4. Model serving and monitoring

Kubeflow and MLflow cover this process as well, but there is another good option is Seldon. Seldon is an open-source platform for the deployment and monitoring of machine learning models in Kubernetes easily.

Seldon can converts your ML models (Tensorflow, Pytorch, H2o, etc.) or language code (Python, Java, R, etc.) into production REST/GRPC microservices, making it very easy to invoke your model.

Data Science Steps Of Delivering ML Model

Once the use case is defined, here are the next essential steps to deliver ML models into production either manually or using an automated pipeline:

Select and extract the relevant data from data sources needed for ML tasks.
Analyzing the data and building the ML model using Exploratory Data Analysis (EDA) leading to the next steps.

Understanding the required data schema and characteristics for the ML model.
Understanding data preparation and feature engineering need as required by ML application.

3. Data preparation for the ML task including data cleaning, data classification for training, validation, and test sets. Leveraging data transformations and feature engineering as needed to solve the ML task. This step delivers the data splits in the desired format as an output.

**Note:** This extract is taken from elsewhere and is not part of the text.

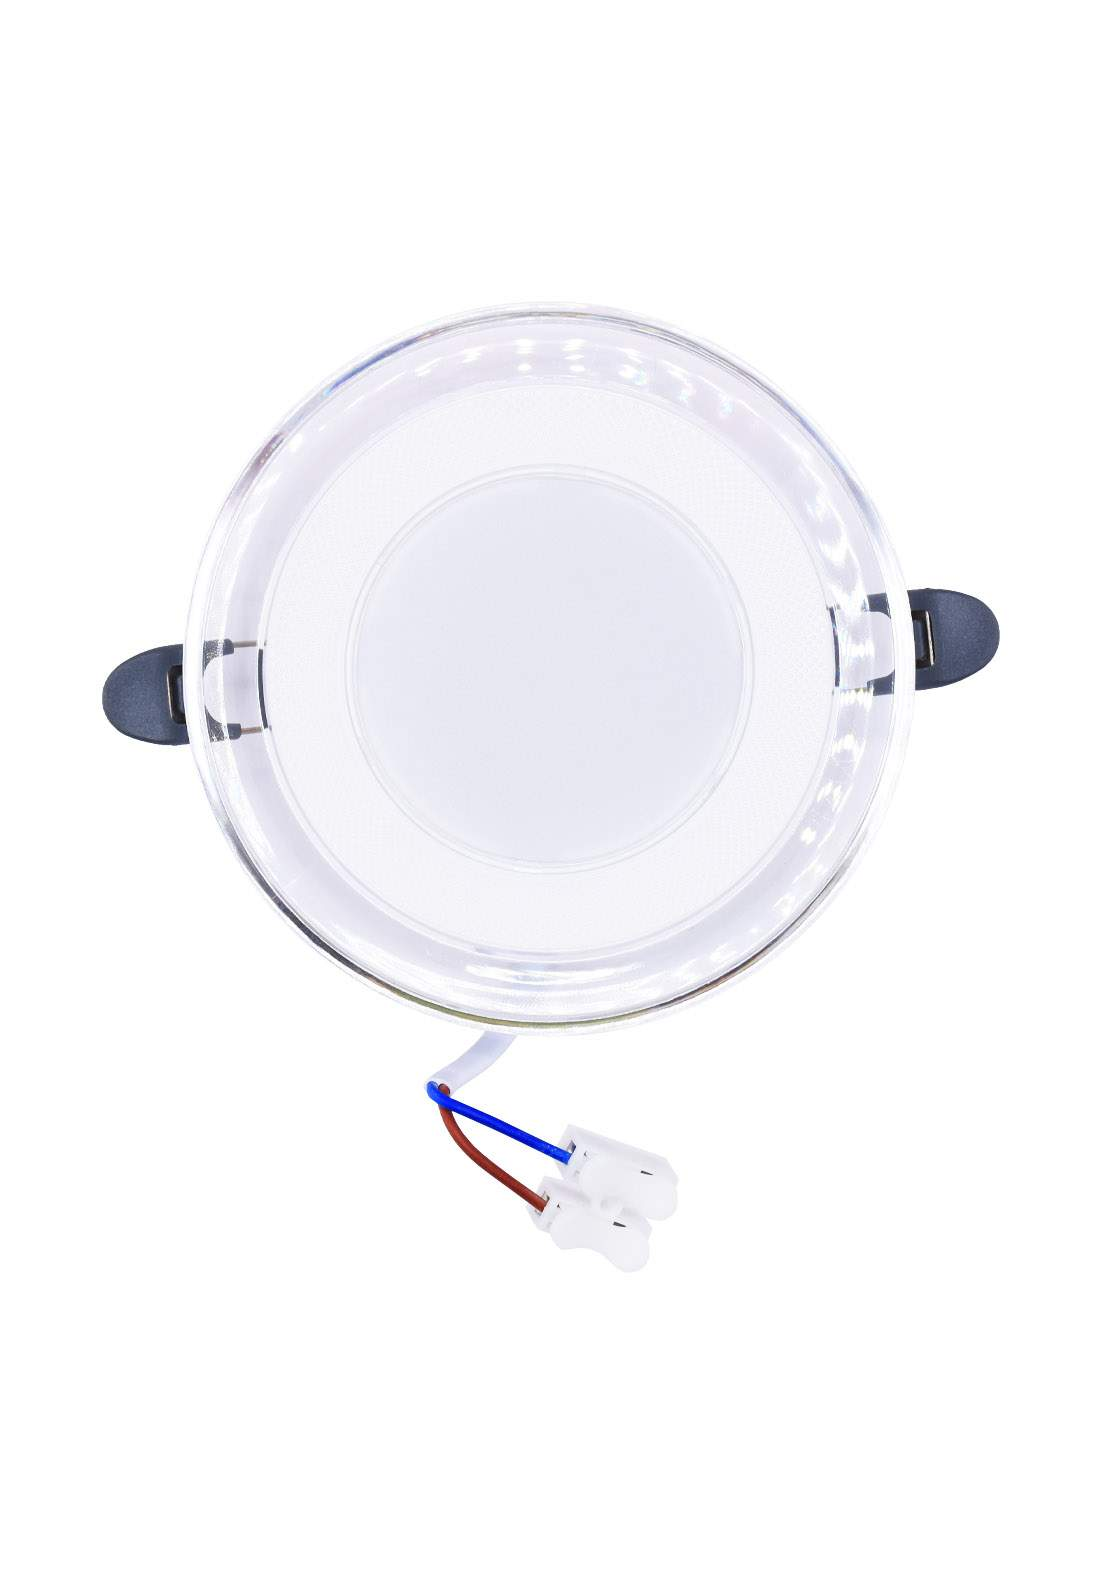 Raja LED SMD Downlight Slim Three Color Change 5 W ضوء ليد دائري زجاجي

4. Nor data scientists is to implement various algorithms with data preparation to train ML models. This step includes subjecting the implemented algorithms to hyperparameter tuning to get the high-performing ML model.

5. Moreover, the important part is to evaluate the ML model on a holdout test set to verify the model performance and quality.

6. Final model validation to ensure that the model is adequate for deployment with performance beyond the defined baseline.

7. Deploying the validated model in the environment to serve predictions. These deployments include:

Microservices with a REST API to fulfill predictions.
An embedded model for edge or mobile devices.As a part of a batch prediction system.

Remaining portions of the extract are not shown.